Without including any pictures, write out the listing below exactly.
[[ Input data, beginning ]]
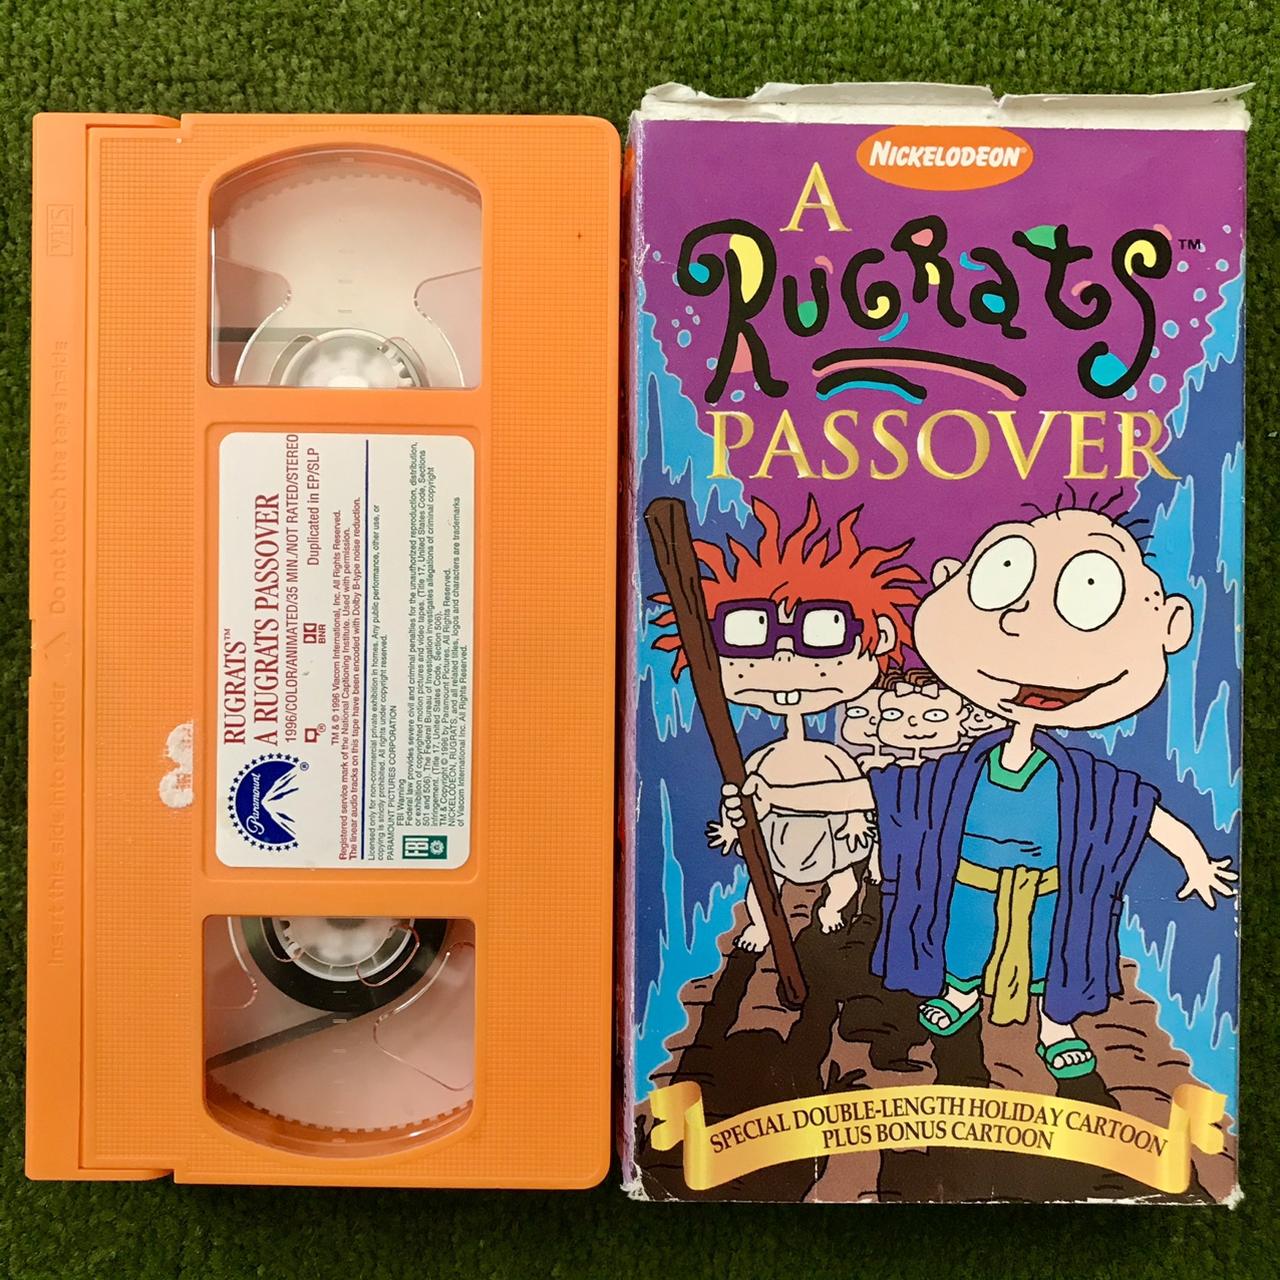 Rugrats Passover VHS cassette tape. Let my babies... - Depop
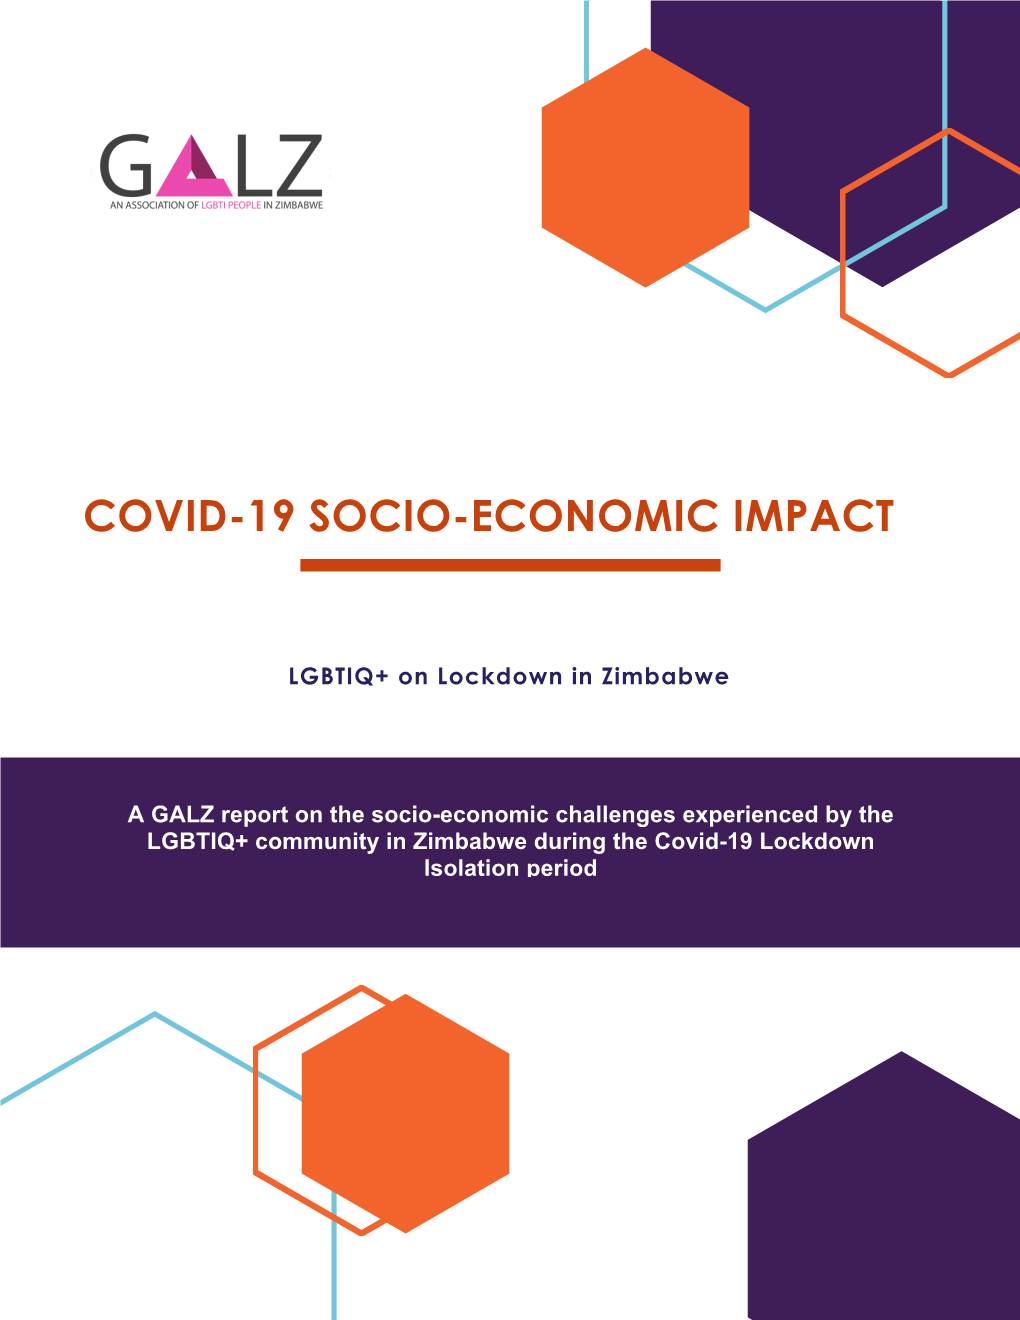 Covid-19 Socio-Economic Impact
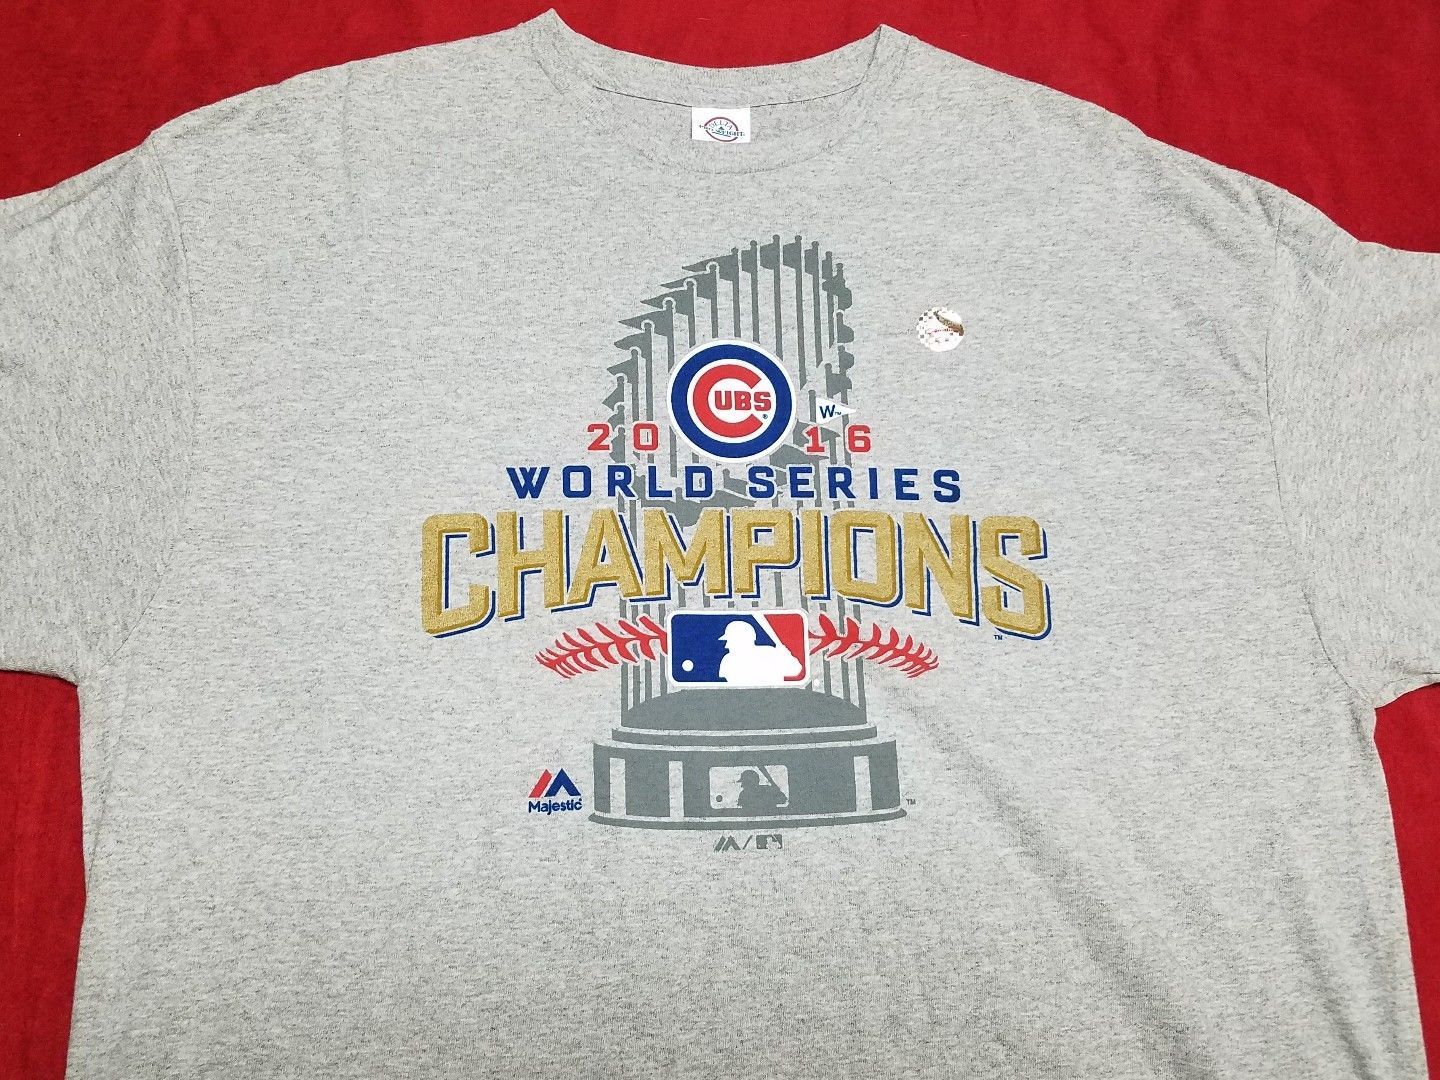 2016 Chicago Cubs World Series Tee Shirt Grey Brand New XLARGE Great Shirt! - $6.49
[[ Input data, end ]]
## Output for this exercise:
 Rugrats Passover VHS cassette tape. Let my babies... - Depop
 Covid-19 Socio-Economic Impact
 2016 Chicago Cubs World Series Tee Shirt Grey Brand New XLARGE Great Shirt! - $6.49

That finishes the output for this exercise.